Through a clearer understanding of the components of lithium ion, various mathematical and computational models are used to better explain thermal safety. These include models that determine the individual reactions that occur inside the battery before and after exhaust and TR, such as computational fluid dynamics (CFD) simulations of battery design and packaging structure in multi-battery solutions, flammability limits, and high-throughput screening studies , To link the actual signal of the material with the system response. Similarly, in the system, use sensor fault detection feedback to circuit model parameters, data-driven methods to quantify failure probability, risk assessment through failure modes or similar methods, cloud-based fault diagnosis tools, and across different battery formats and chemistry Material trends.

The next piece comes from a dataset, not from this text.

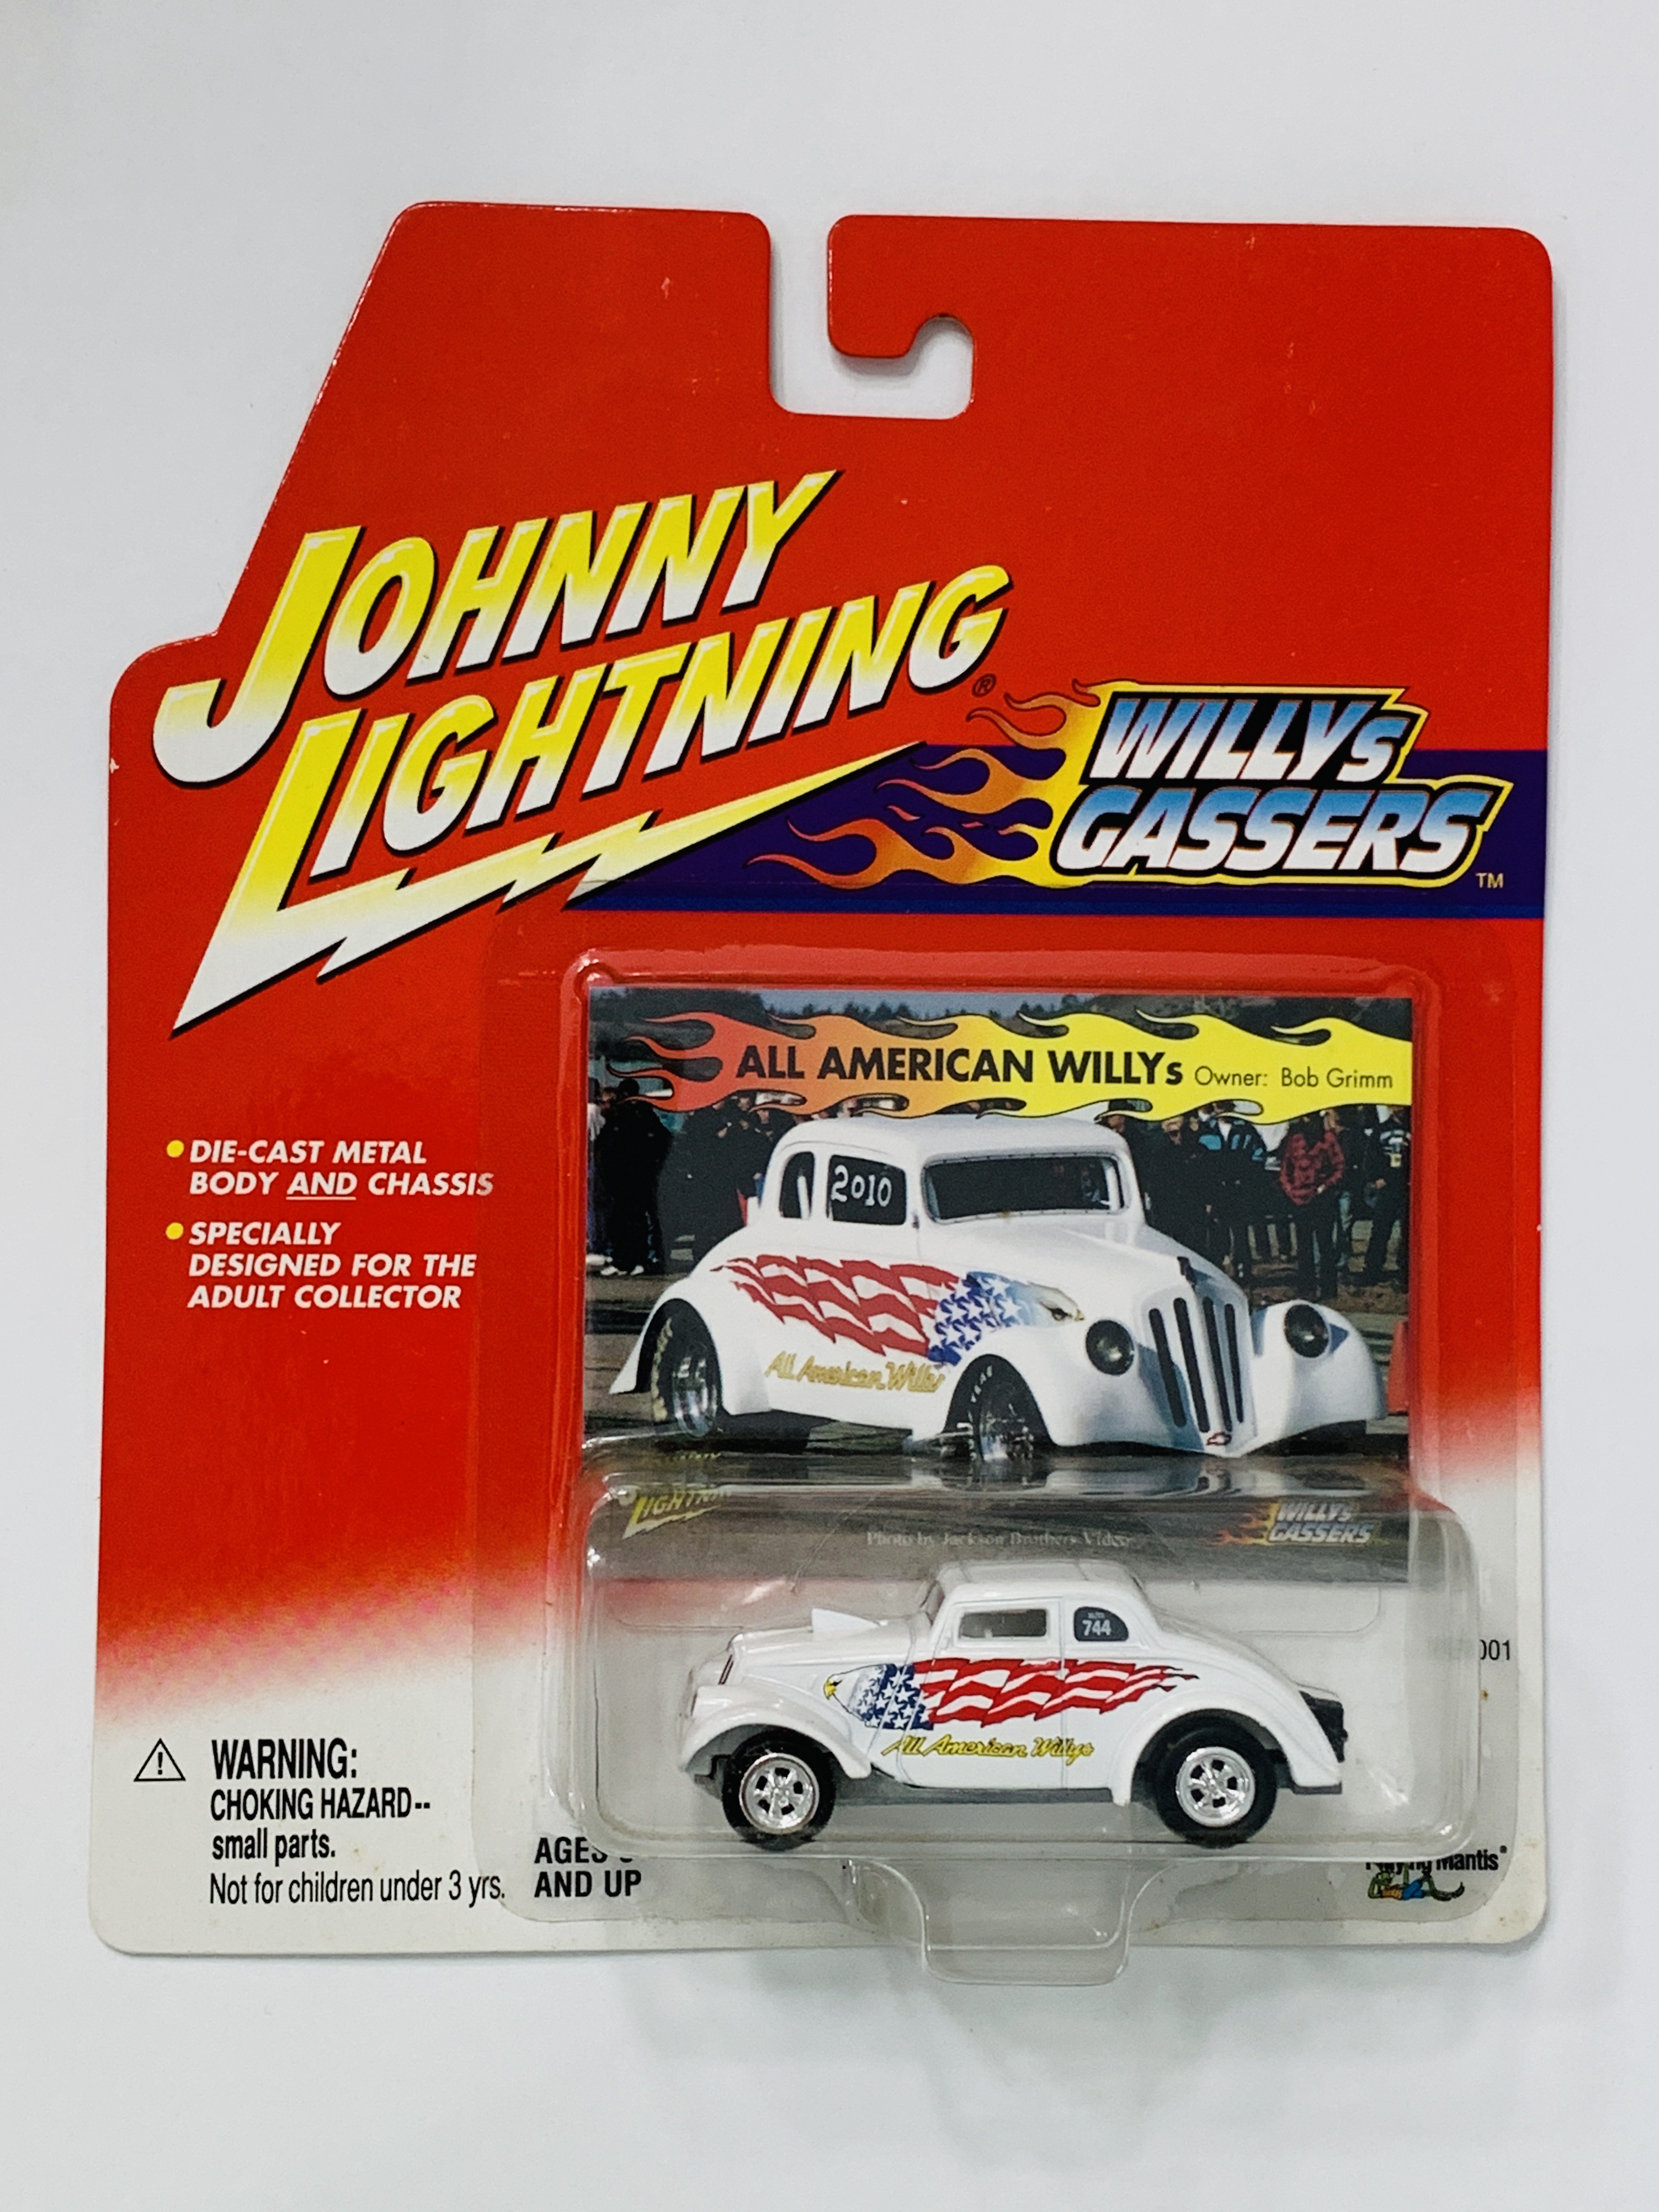 Johnny Lightning Willys Gassers All American Willys

However, there are some key problems in predicting TR, including its extremely low frequency of occurrence and lack of consistent meaning for thermal runaway, resulting in a mismatch between laboratory-scale test results and the actual situation, and as the size and complexity of battery test items increase , The budget for testing has been significantly increased. Therefore, pattern recognition methods such as machine learning or big data analysis can obtain a limited training data set, which results in sufficiently reliable results. On the other hand, even after careful control of the test setup and operator variability, the results of mechanical abuse test results are not always certain. In this case, it is very useful to analyze the sensitivity of system-level test results to specific design parameters. The interval of the parameters obtained from these tests is used as the input of the mathematical model and can be used to build a safety diagram showing the mutual use of the failure probability derived from each parameter
The conceptual diagram of BMS-iPROUD is shown in Figure 3. The purpose of iPROUD is not only to receive information from the BMS, but also to receive information from the load and the grid through a two-way communication channel. The goal of iPROUD equipment is to regulate the rate at which the battery receives and stores energy from the grid and the rate at which the battery supports the load. BMS has sensors for the internal state of each battery (such as voltage, temperature, impedance, etc.), monitors and manages each battery in the battery, and inputs these data into iPROUD. It uses these data to link the internal state of each battery to the functional performance of the battery, and combines the data with the information received from the load to determine the level of power support the battery can supply. It makes similar decisions about the mutual use of power grids and batteries. If the BMS detects that the internal state of any battery in the battery is abnormal, iPROUD will not allow the abnormal battery module to be charged until the battery state returns to normal.
The internal temperature of the battery is used to determine the charging process. Fast battery charging is not only convenient for electric vehicles, but also essential in grid applications. It is also an operating parameter that can increase the internal temperature of the battery, potentially accelerating the aging of the battery, pushing it into the TR and exhaust. Attempting to use surface temperature as a parameter to protect the battery from venting may be misleading and therefore harmful. The data in Figure 4 is that one battery cell (5.3Ah) in the battery starts to charge at a rate close to 2C. The battery in this example is usually charged at a rate of 0.7C, and it takes about 120 minutes to be fully charged after being fully discharged. When the temperature rises above 35°C, iPROUD converts the current to zero to cool the battery internally, and limits the charging rate to 0.7C and 0.5C at other times. The total time for the battery to be fully charged is 95min. On the contrary, if the battery surface temperature is selected as a parameter and its limit is set to 35°C to cut off the current, the temperature will increase to a higher value, which will accelerate the battery aging and cause the battery to run out of thermal control. iPROUD takes temperature and battery voltage as control parameters, and improves battery management through the battery's electrolyte and charge transfer resistance and coulomb capacity, so as to obtain higher safety, long life, and energy storage and power transmission efficiency.